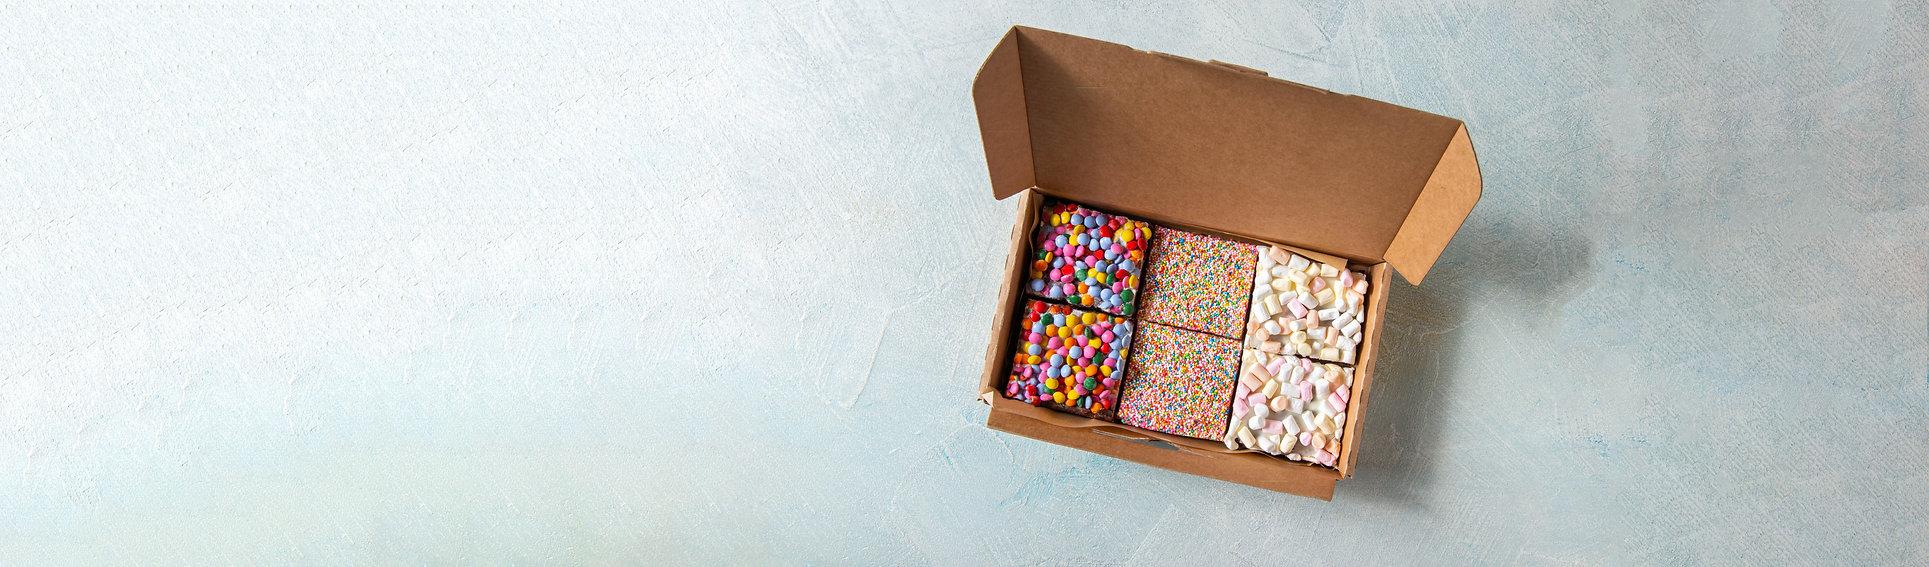 Header-brownies-bestellen-online.jpg
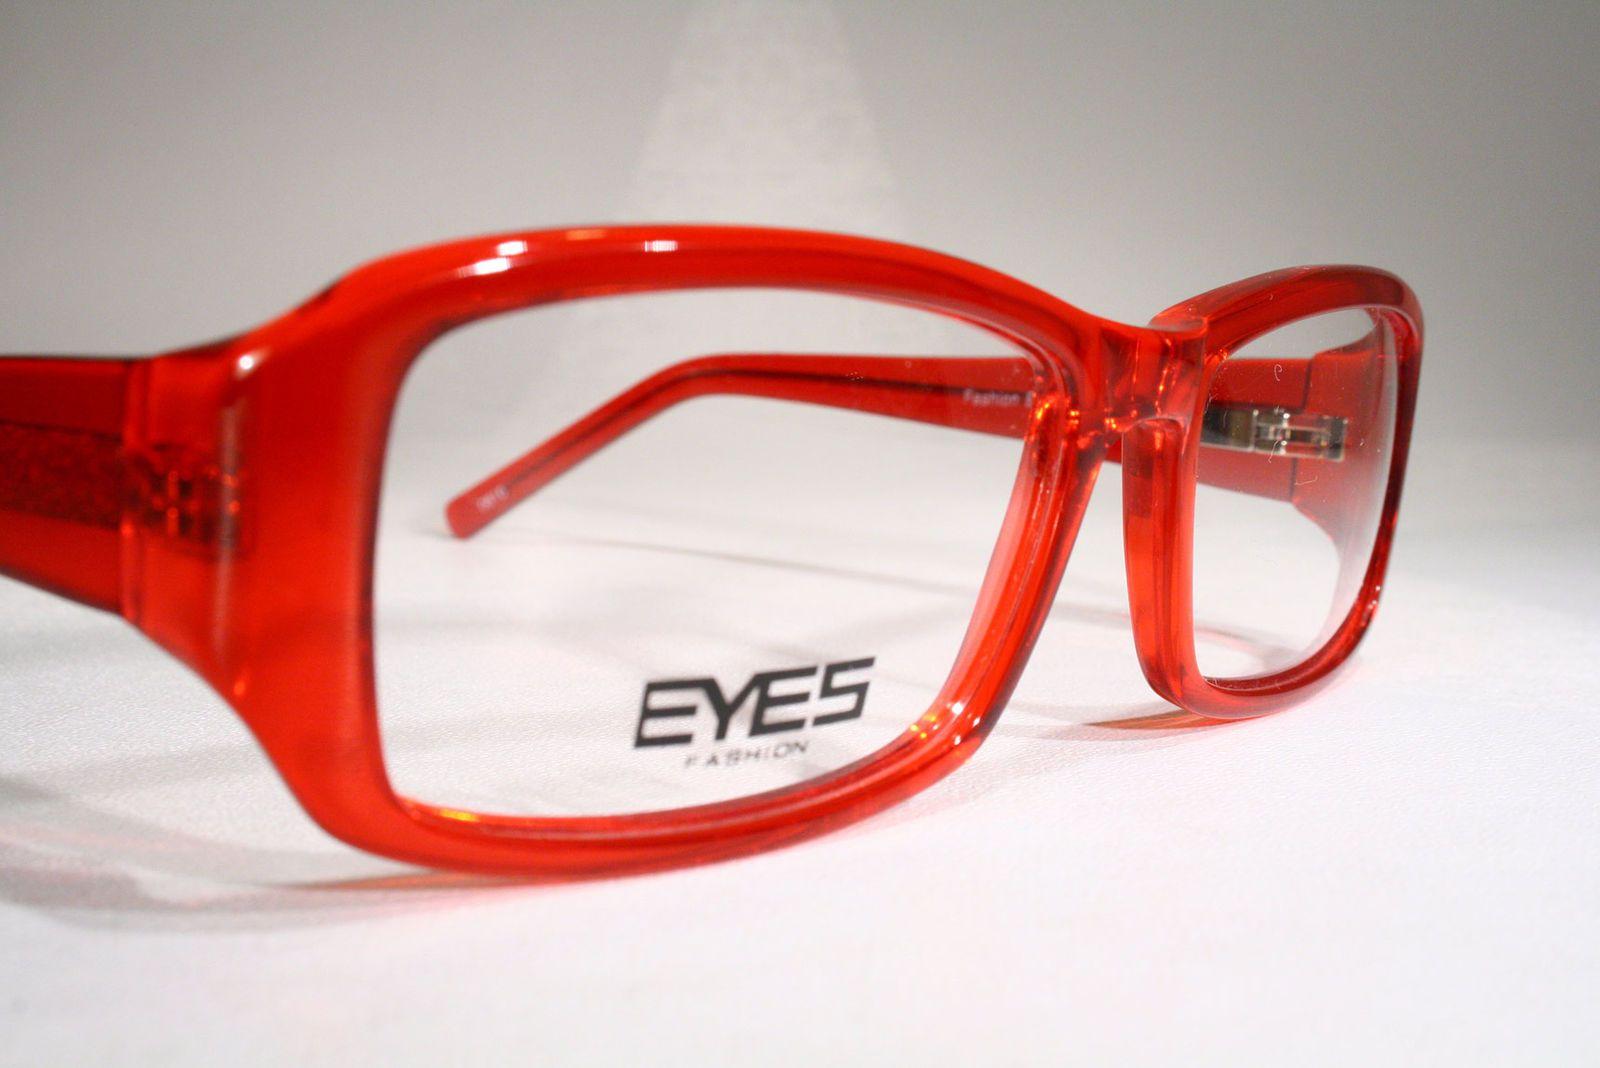 4541bc07b3c Women s FASHION EYES Clear Transparent Cherry Red Eyeglasses Optical Frames  Glasses Large   eBay (RipVanW)
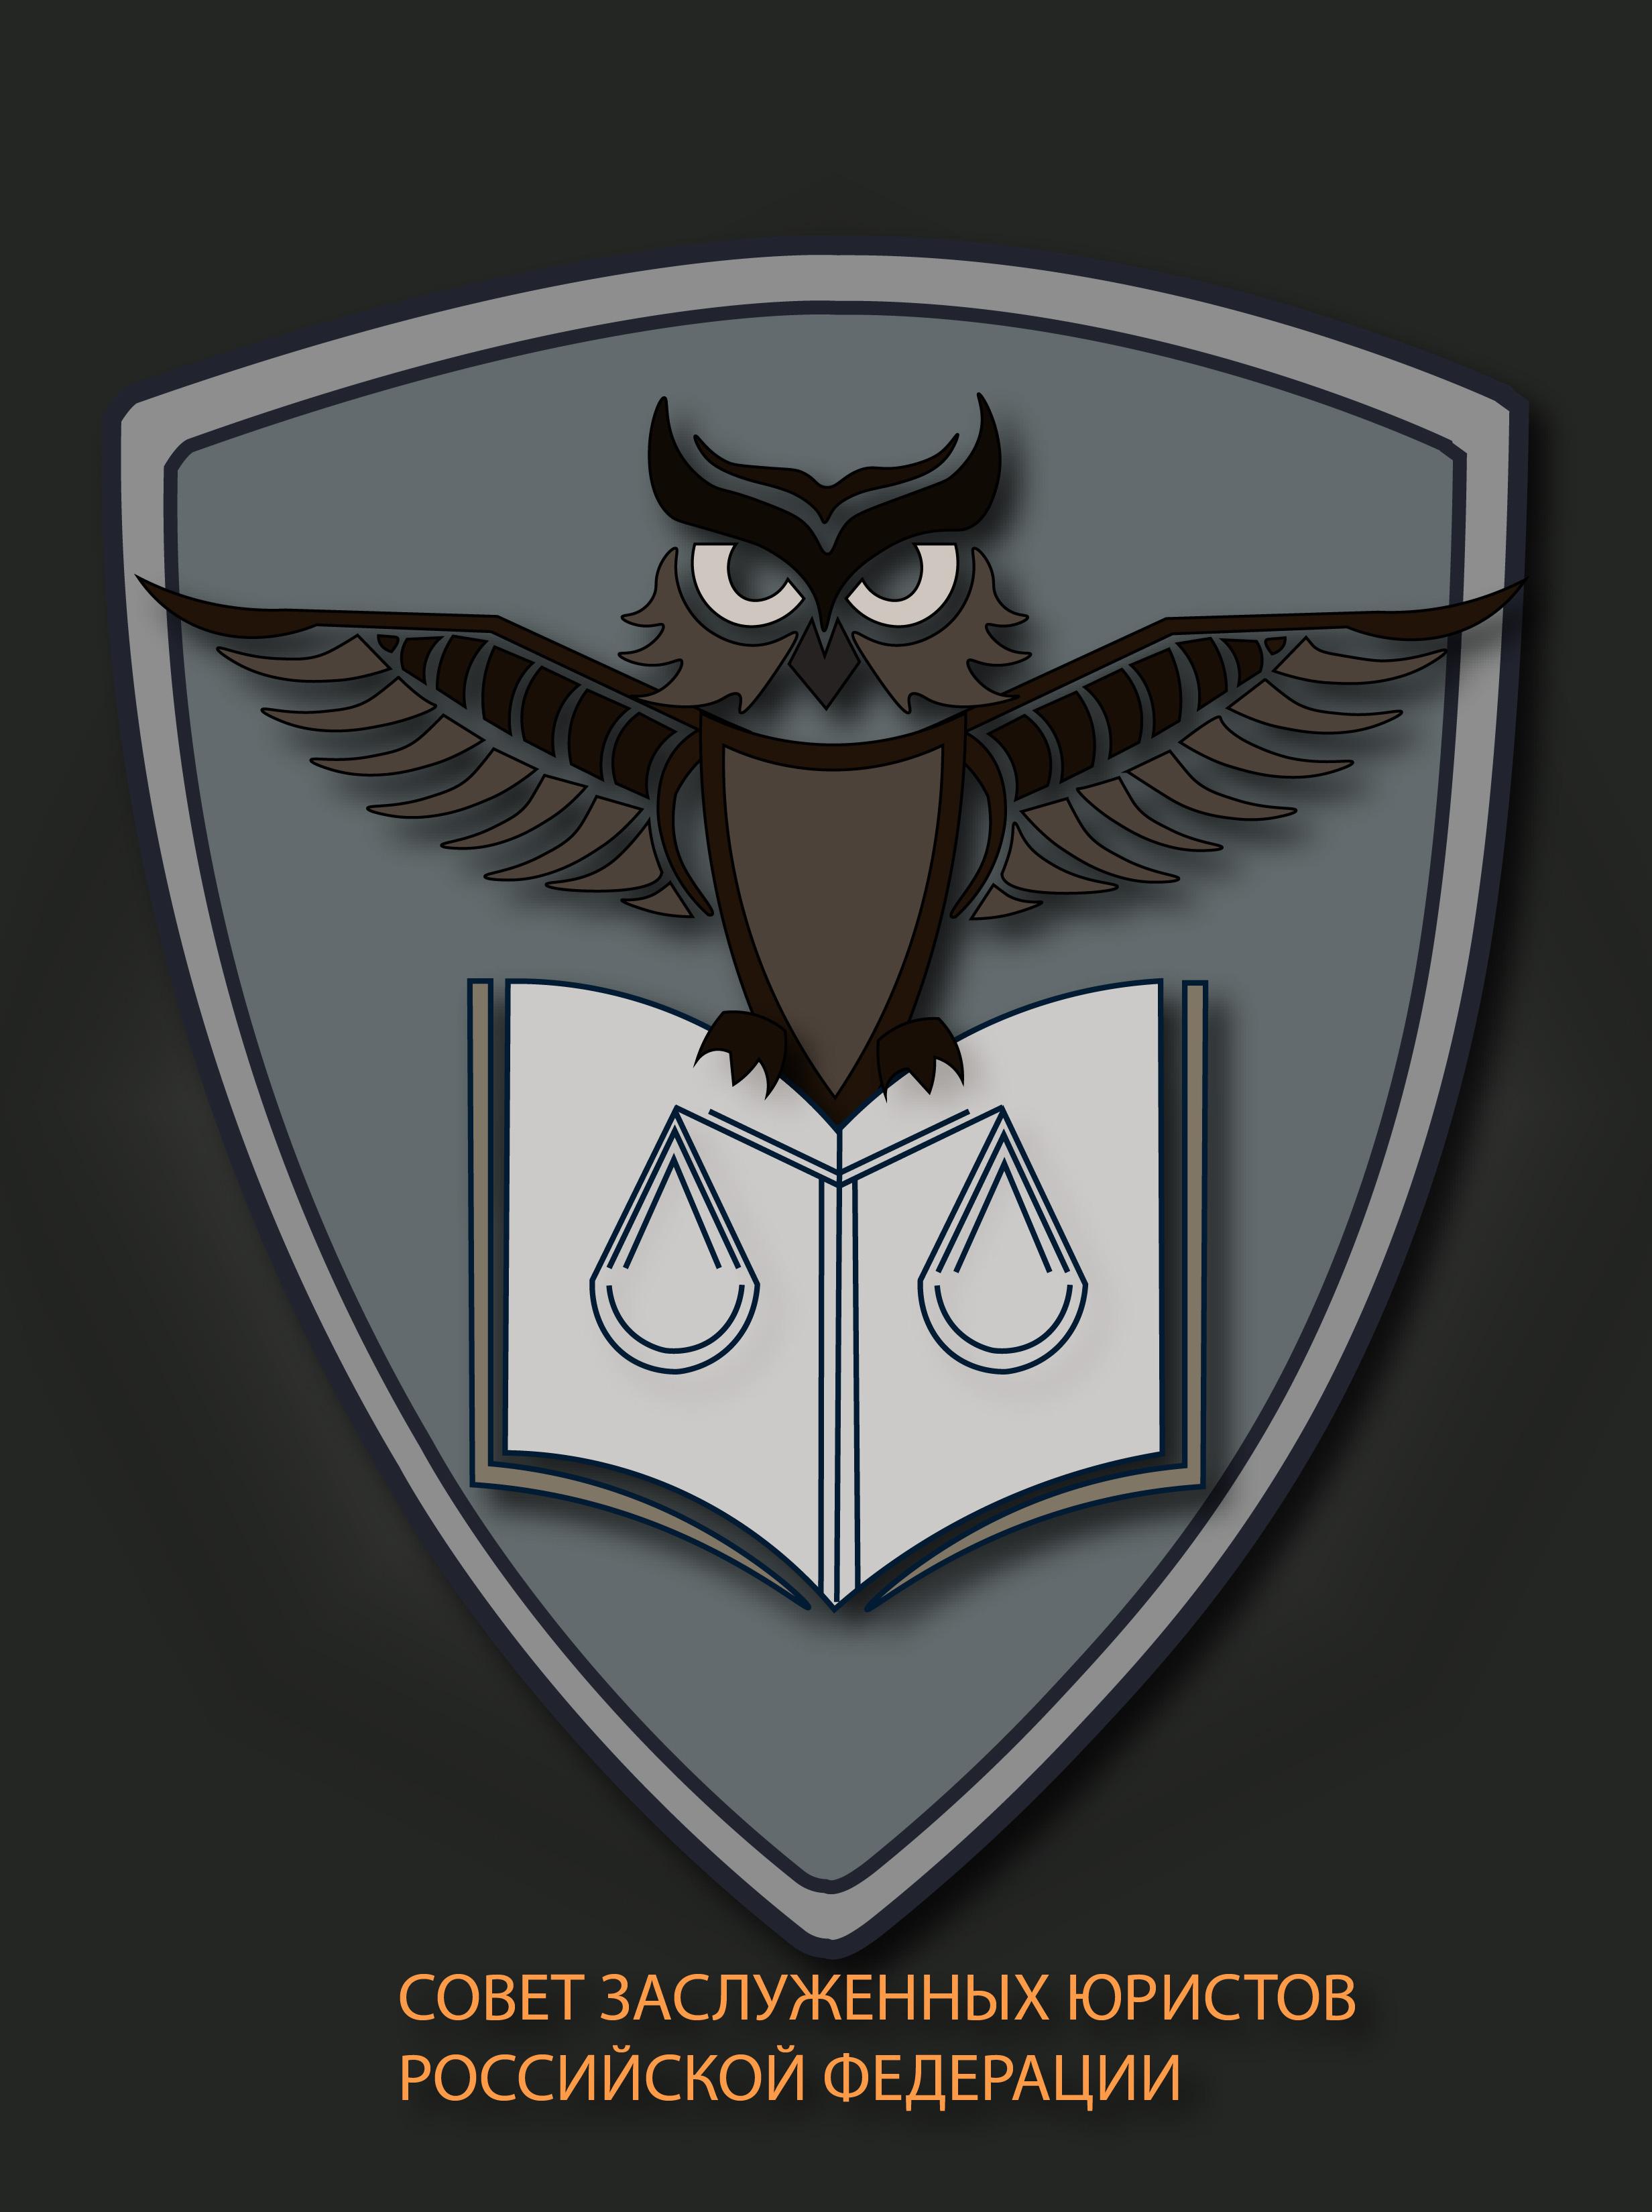 Разработка логотипа Совета (Клуба) заслуженных юристов Российской Федерации фото f_5845e498a15a54c8.jpg

+ + +

▶ **Activity**
Please write out all the data again word for word, but not the pictures.

▶ **Answer**
 Header-brownies-bestellen-online.jpg
 4541bc07b3c Women s FASHION EYES Clear Transparent Cherry Red Eyeglasses Optical Frames  Glasses Large   eBay (RipVanW)
 Разработка логотипа Совета (Клуба) заслуженных юристов Российской Федерации фото f_5845e498a15a54c8.jpg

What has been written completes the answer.